Pictures stay out. Everything else in the listing below gets written out exactly.

• [Collected data]
--------------------------------------------------
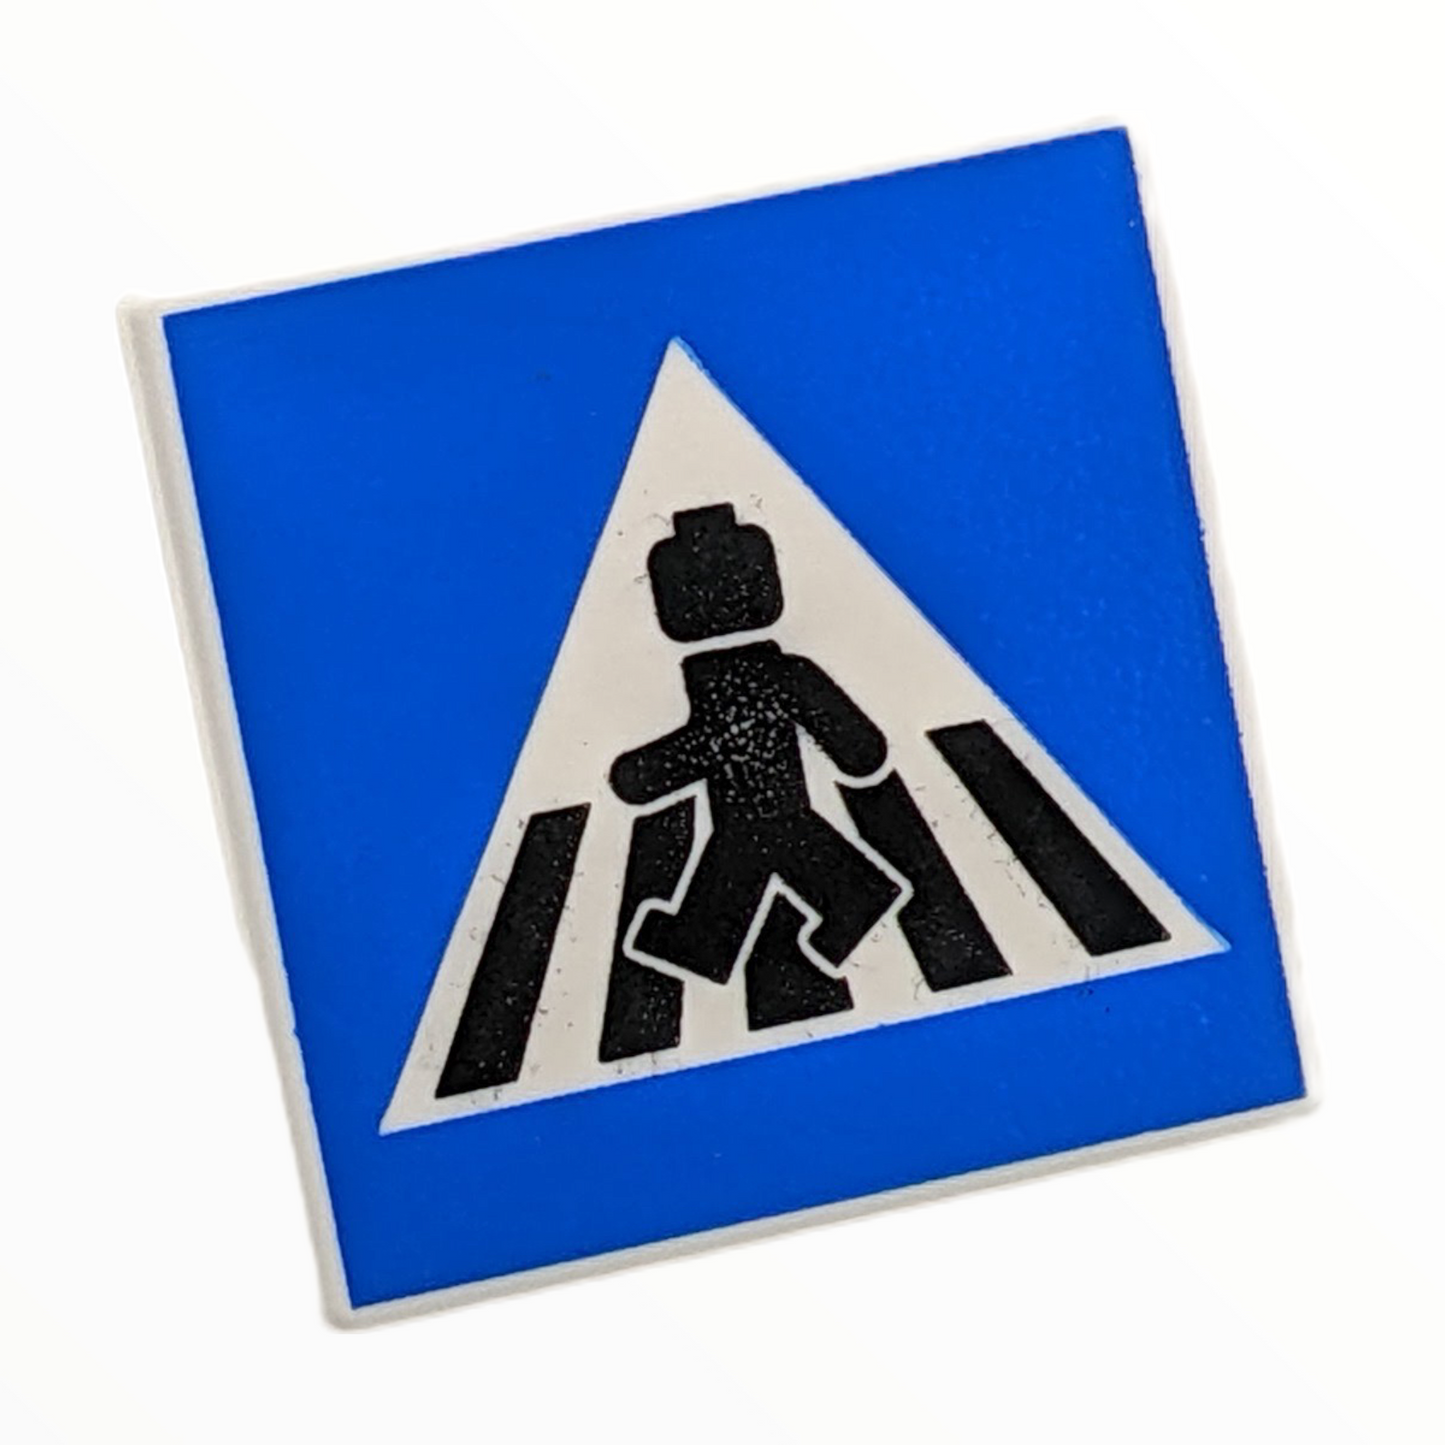 LEGO Road Sign  2x2 - Zebrastreifen
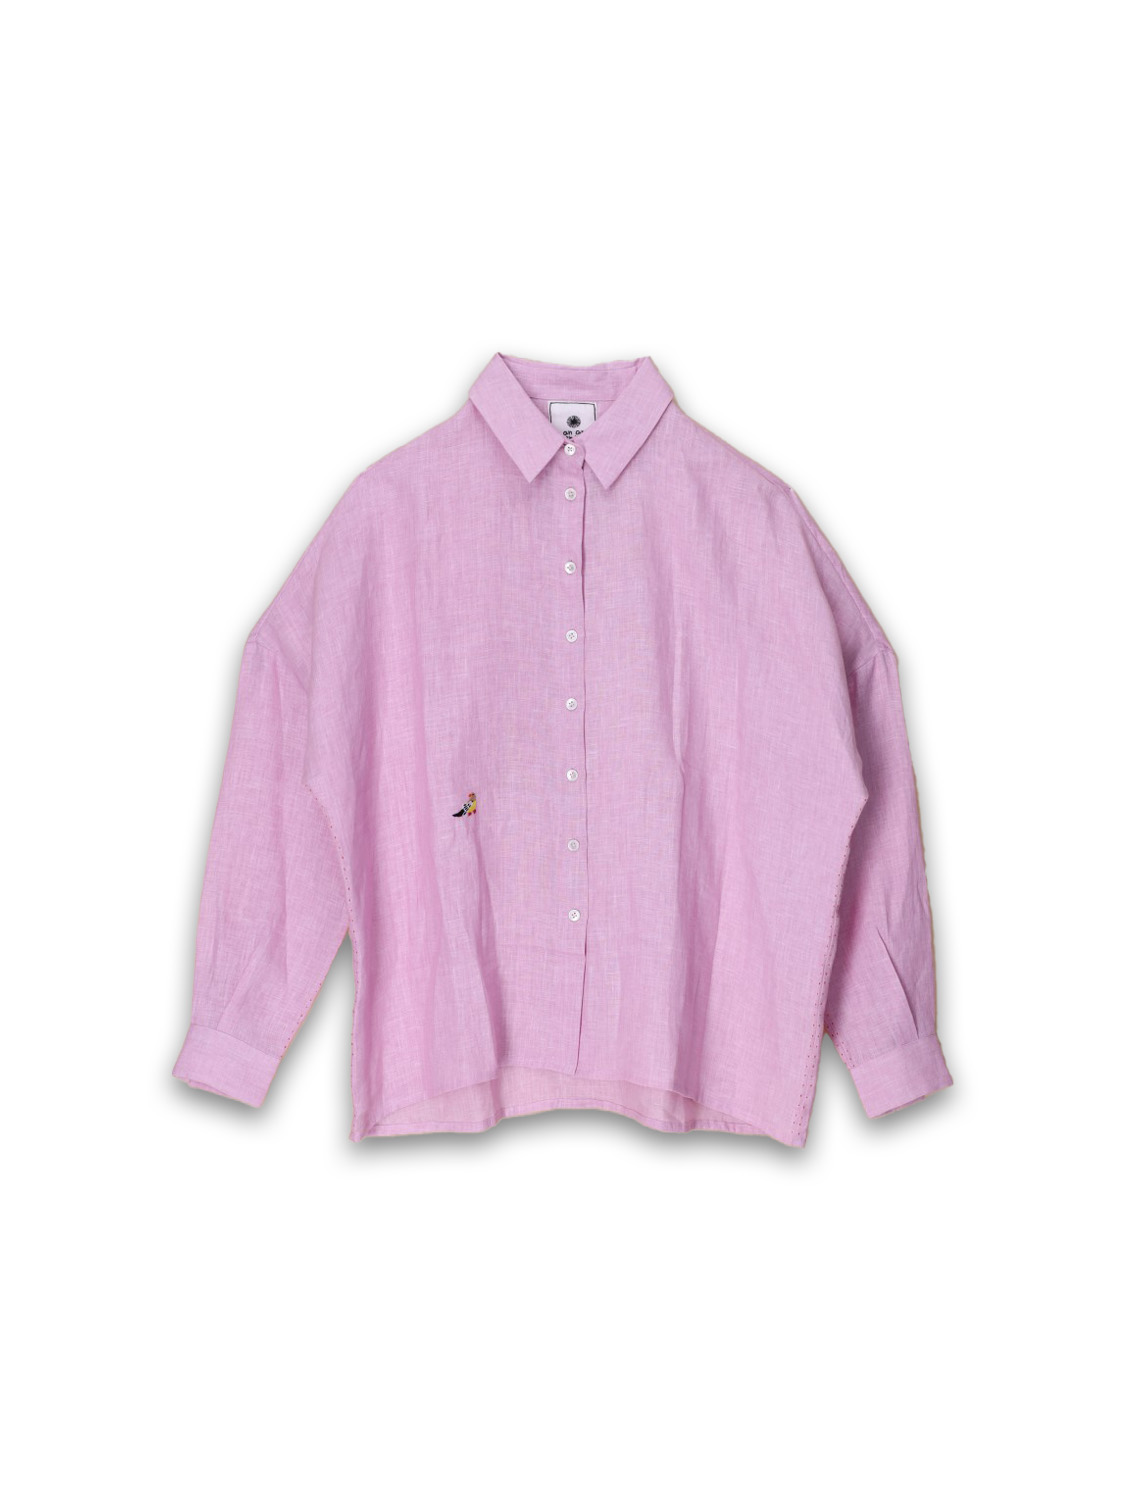 Summer – linen blouse with playful details 
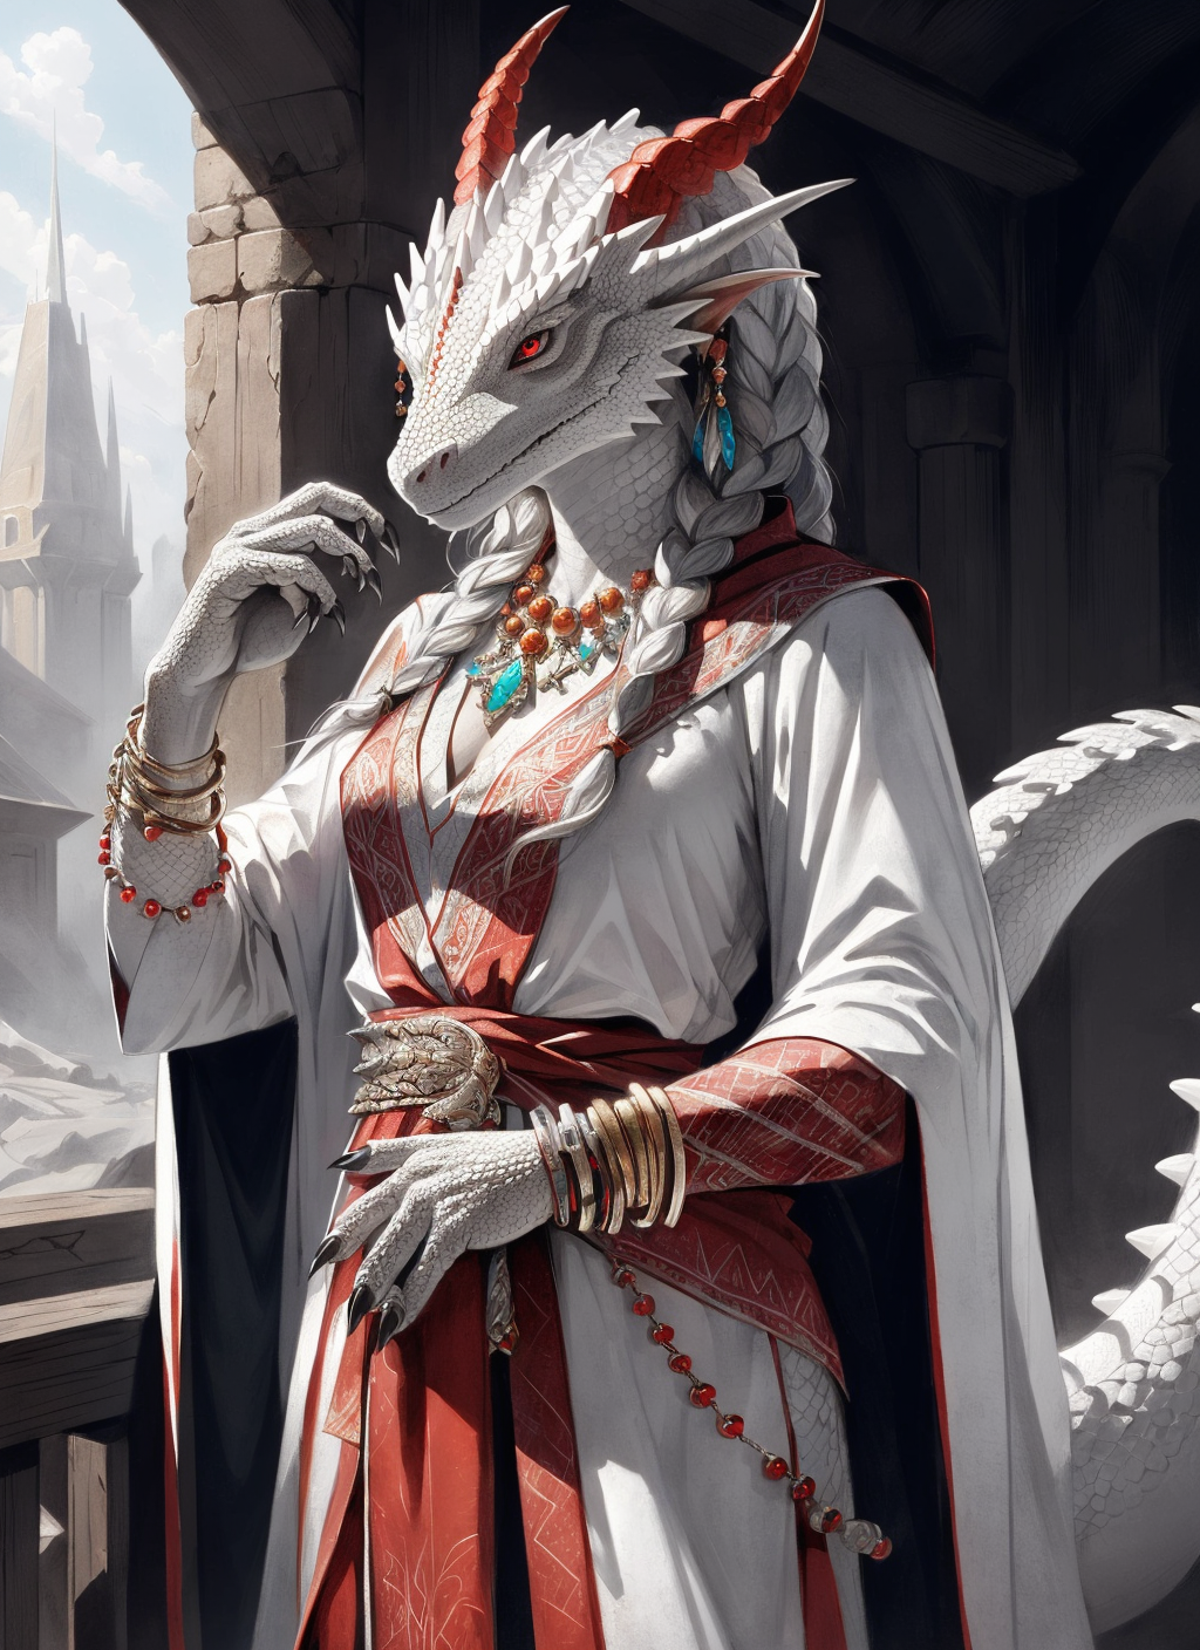 Dragonborn Concept LoRA image by Lykon
--------------------------------------------------
• [Exercise response]
 LEGO Road Sign  2x2 - Zebrastreifen
 Summer – linen blouse with playful details 
 Dragonborn Concept LoRA image by Lykon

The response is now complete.